Die Röstung, die erst das Potential des Rohkaffees aufschliesst, wird immer im jeweiligen Konsumentenland durchgeführt.
Die kulturellen, regionalen Geschmackserwartungen, die Röstgewohnheiten und die Qualitätsansprüche sind sehr unterschiedlich.
Das älteste kommerzielle Röstverfahren ist die sogenannte Trommelröstung.
Dieses traditionelle Röstverfahren wenden auch wir an.
Unsere Mischungen haben nach rund 15 Minuten bei milden 223-228 Grad den optimalen Röstgrad.
Dieser Kaffee ist bekömmlich, besser verträglich, behält das volle Aroma und duftet herrlich.
Im Gegensatz zu dieser traditionellen Langzeitröstung rösten die Großen der Branche bei sehr hohen Temperaturen (500-650 Grad) und maximal 6 Minuten.

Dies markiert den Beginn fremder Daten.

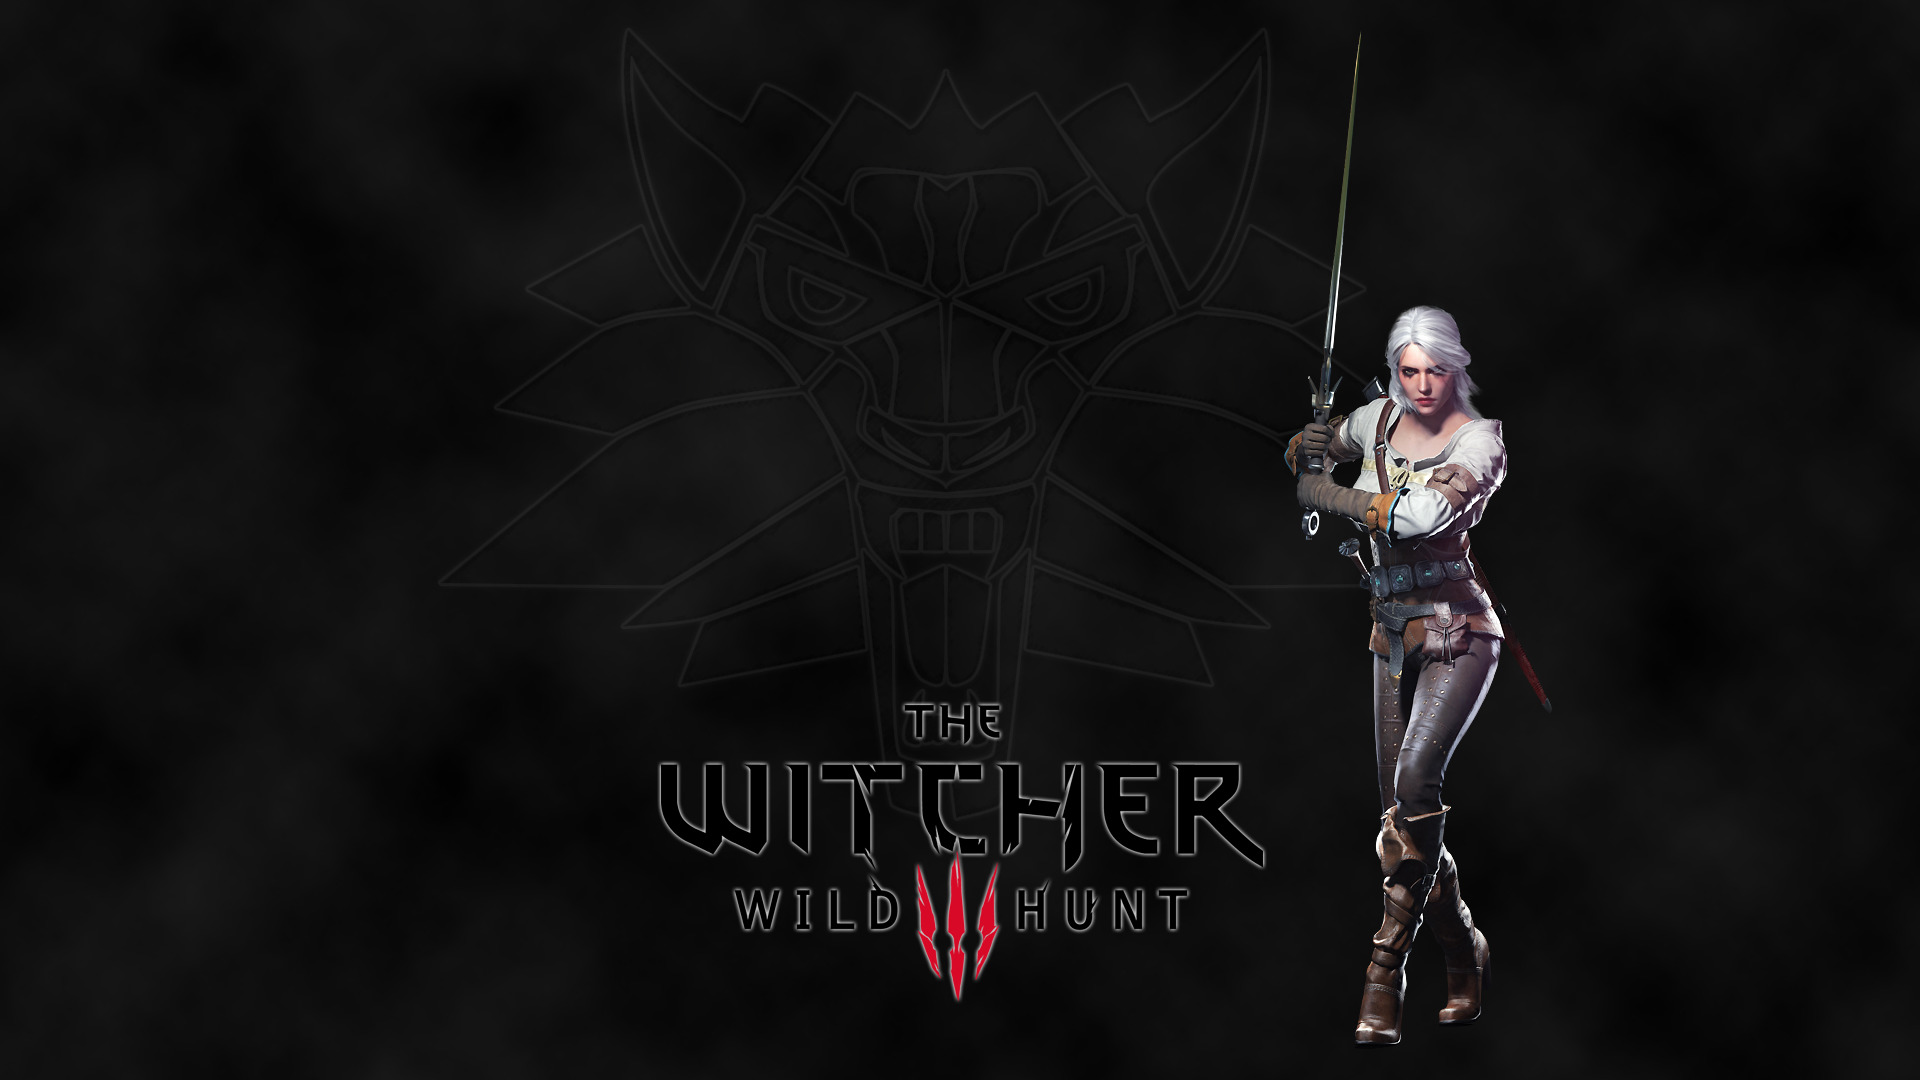 The Witcher 3: Wild Hunt, Ciri, Cirilla Fiona Elen Riannon Wallpaper

Die bei diesem Schnellrösteverfahren freigesetzten Reizstoffe und Säuren sind dem Magen nicht verträglich und wirken adstringierend im Mund.
Für Espresso eignen sich nur dunklere Röstungen, da sie nur noch geringe Mengen an Säuren enthalten. Mit zunehmenden Röstgrad werden Säuren abgebaut und die Aromen können sich vollständig entwickeln.
Allerdings weichen die Säuren bei einer sehr dunklen Röstung vollständig, machen vermehrt Bitterstoffen Platz und dieser Espresso schmeckt dann rauchiger, tendiert mehr zu bitterem Geschmack, entwickelt aber mit Zucker eine deutliche Karamellnote.
Es spielen also gerade bei Espressomischungen die Röstfaktoren eine große Rolle.